The current generation of retirees represents a diverse group. Members of the so-called “silent generation” are now in their 70s and 80s, but they are now joined daily by a significant number of Baby Boomers, the oldest of which are now in their late 60s. They have seen market booms and busts, and many have survived well enough financially to live off of their savings. Those people and others still pursuing the goal of a sustainable retirement have been presented with an enormous amount of information from financial advisors and financial media. Who could blame them if they felt a bit bewildered at this point?

The most vital and pervasive issue these investors will face in the next decade is how to wring out enough income from the savings they have amassed to maintain or enhance their lifestyle. They have prodded along, building wealth under a reasonable assumption: that when they finally reached the stage where they could enjoy the fruits of their labor, they could be largely sheltered from market volatility and earn a steady and sufficient level of income from their investments.

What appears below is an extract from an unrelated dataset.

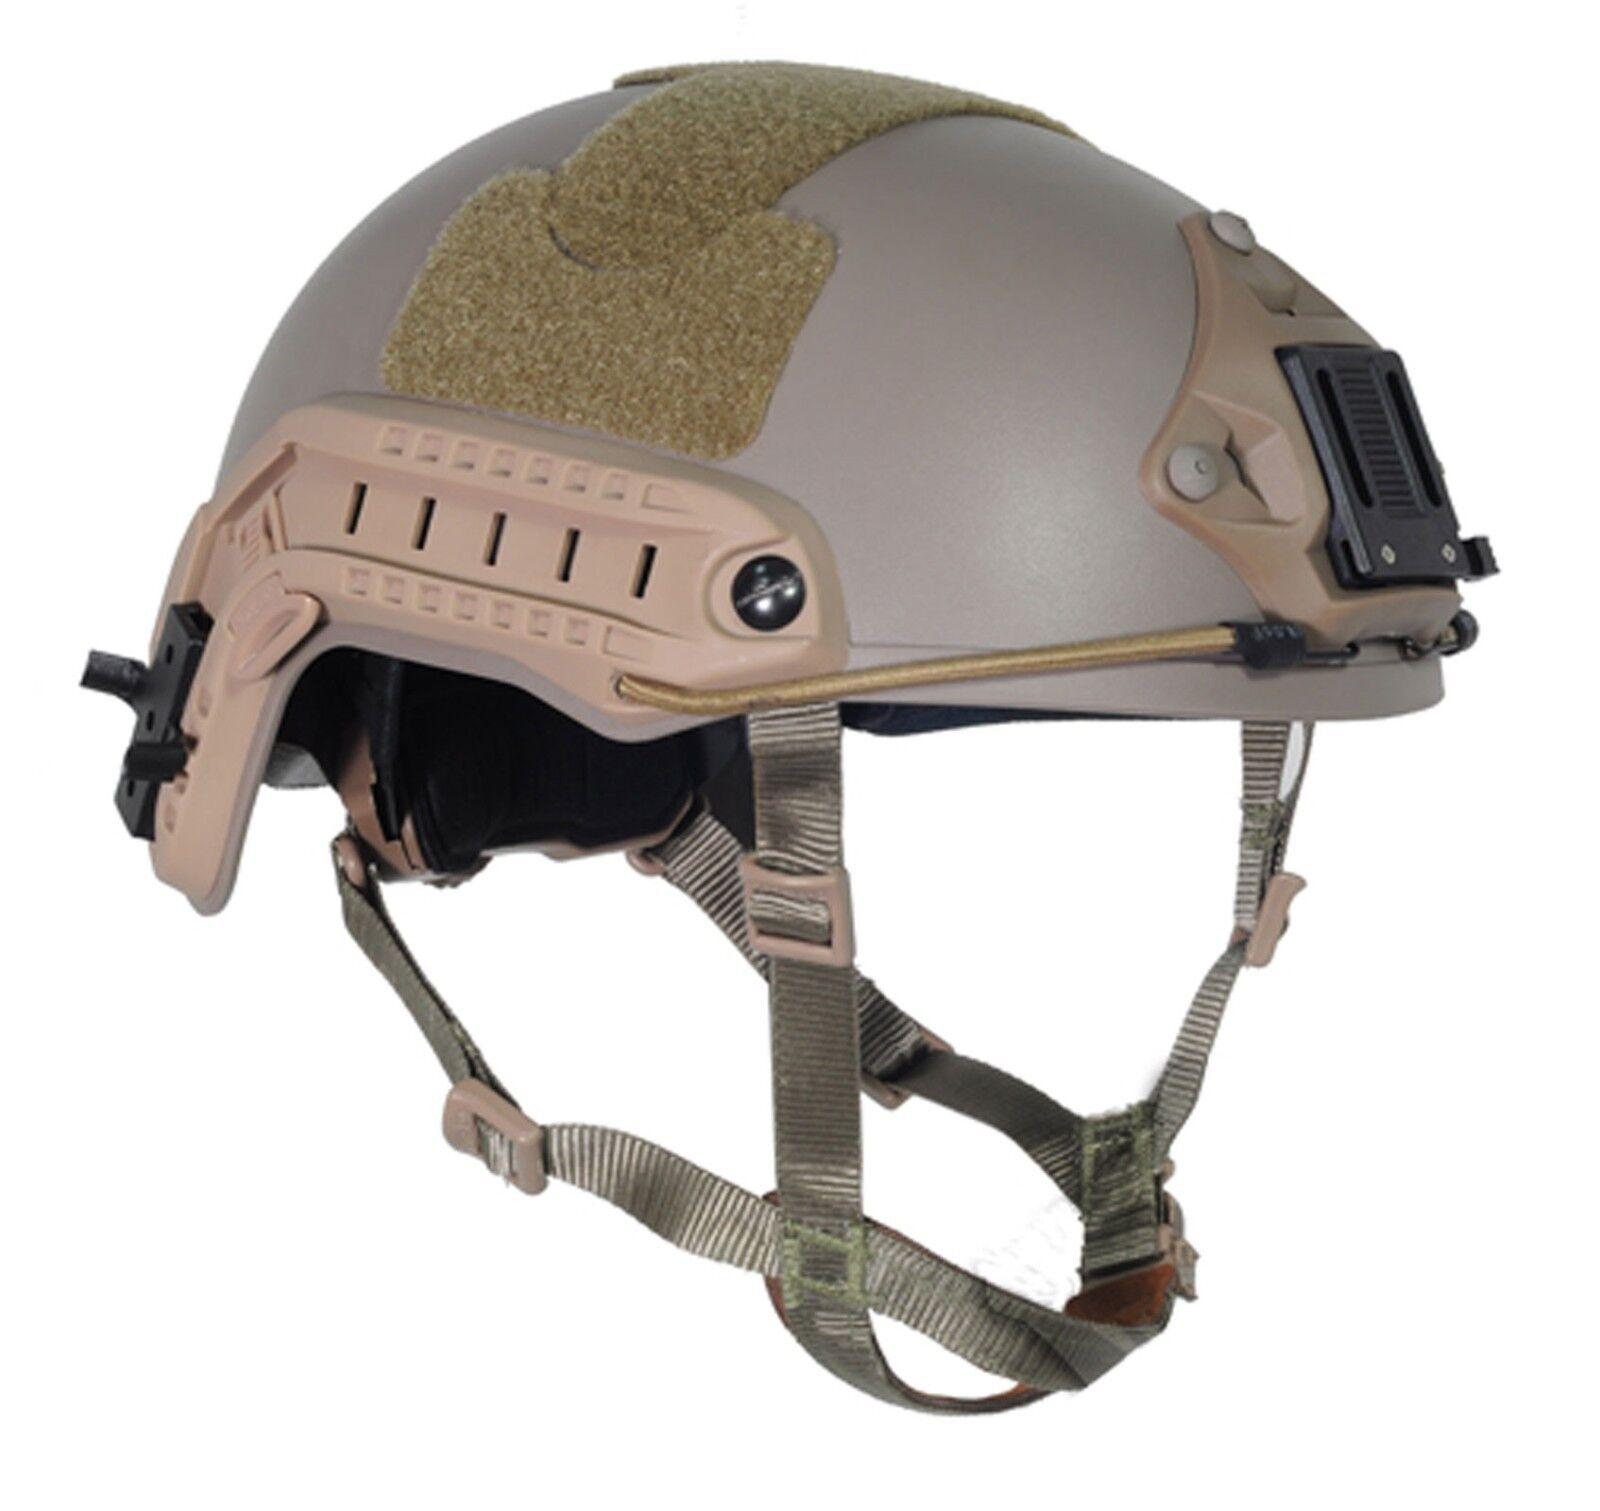 Military Tactical Airsoft Paintball FMA Ballistic Helmet DE T825 M L

But something happened on the way to retirement paradise…financial instruments they have perceived as “safe” and able to produce an acceptable level of income, have morphed into low-return investments with new and unfamiliar risks. Specifically, the market for “high quality bonds” (Treasuries, Municipals and Corporates) does not at all resemble what they are accustomed to. They benefitted from tremendous market tailwinds for both stocks and bonds in the 1980s and 1990s. But the financial crisis of 2007-2009 and its aftermath have made it more apparent to them that investment markets, particularly for income, have changed. This requires retirees, pre-retirees and their financial advisors to be far more flexible in their investment approach, or risk major disappointment at a time of their lives where they cannot go back and make the money all over again.